Dalam program  pemulihan ekonomi nasional, pemerintah mengalokasikan anggaran untuk pembayaran kompensasi kepada PLN sebesar Rp 38,25 triliun dan Pertamina sebesar Rp 37,83 triliun. 

Ekonom Universitas Indonesia (UI) Faisal Basri menyebut kinerja BUMN dari sisi pembukuan secara keseluruhan sebenarnya masih cukup baik. Namun, ada masalah dari sisi arus kas antara lain akibat tunggakan utang pemerintah. Kondisi ini tak hanya dialami oleh PLN dan Pertamina, tetapi BUMN lain seperti PT Pupuk Indonesia. 

"Tunggakan utang pemerintah membuat BUMN kesulitan likuiditas, yang sebenarnya merupakan masalah lama," jelasnya. 

Bersambung ke halaman berikut: "Menanti Suntikan Dana Pemerintah"

Suntikan Dana Jumbo Pemerintah

Kondisi keuangan sejumlah BUMN yang tertekan membuat pemerintah mengambil langkah penyelamatan, antara lain melalui alokasi anggaran  penyertaan modal negara dan investasi pemerintah.

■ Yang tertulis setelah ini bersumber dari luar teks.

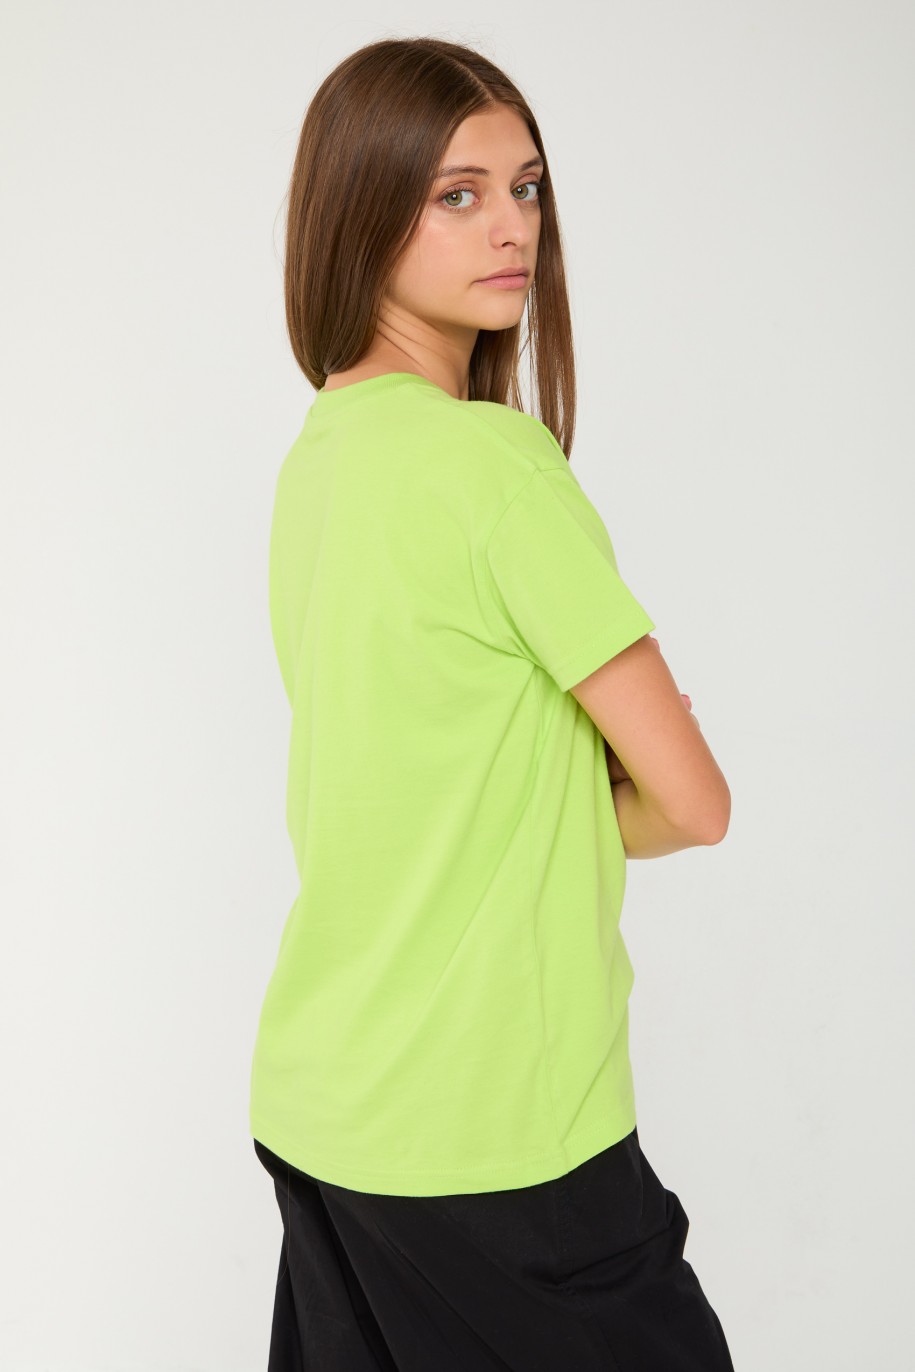 Limonkowy T-shirt z błyszczącym nadrukiem - 44656

Tahun ini, pemerintah telah mengalolasikan anggaran BUMN dalam bentuk PMN Rp 31,5 triliun dan dalam bentuk investasi pemerintah Rp 19,7 triliun.

Berdasarkan outlook anggaran pemerintah pada tahun ini, PMN akan diberikan kepada PT SMF sebesar Rp 1,8 triliun, PT Hutama Karya Rp 11 triliun, PT Bahana Pembangunan Utama Indonesia Rp 6,3 triliun, PT Geo Dipa Energi Rp 700 miliar, PT PNM Rp 2,5 triliun, PT PLN Rp 5 triliun, PT Pengembangan Armada Niaga Nasional Rp 3,8 triliun, dan PT Pengembangan Pariwisata Indonesia Rp 500 miliar.

Sementara investasi pemerintah akan diberikan kepada Garuda Indonesia Rp 8,5 triliun, KAI Rp 3,5 triliun, Perum Perumnas Rp 700 miliar, PT Perkebunan Nusantara Rp 4 triliun, dan PT Krakatau Steel Rp 3 triliun.

Kementerian BUMN juga sempat mengajukan PMN hingga mencapai Rp 70 triliun pada tahun depan yang diungkapkan Wakil Ketua Komisi VI DPR Aria Bima usai rapat tertutup dengan Menteri BUMN Erick Thohir pada Juni lalu.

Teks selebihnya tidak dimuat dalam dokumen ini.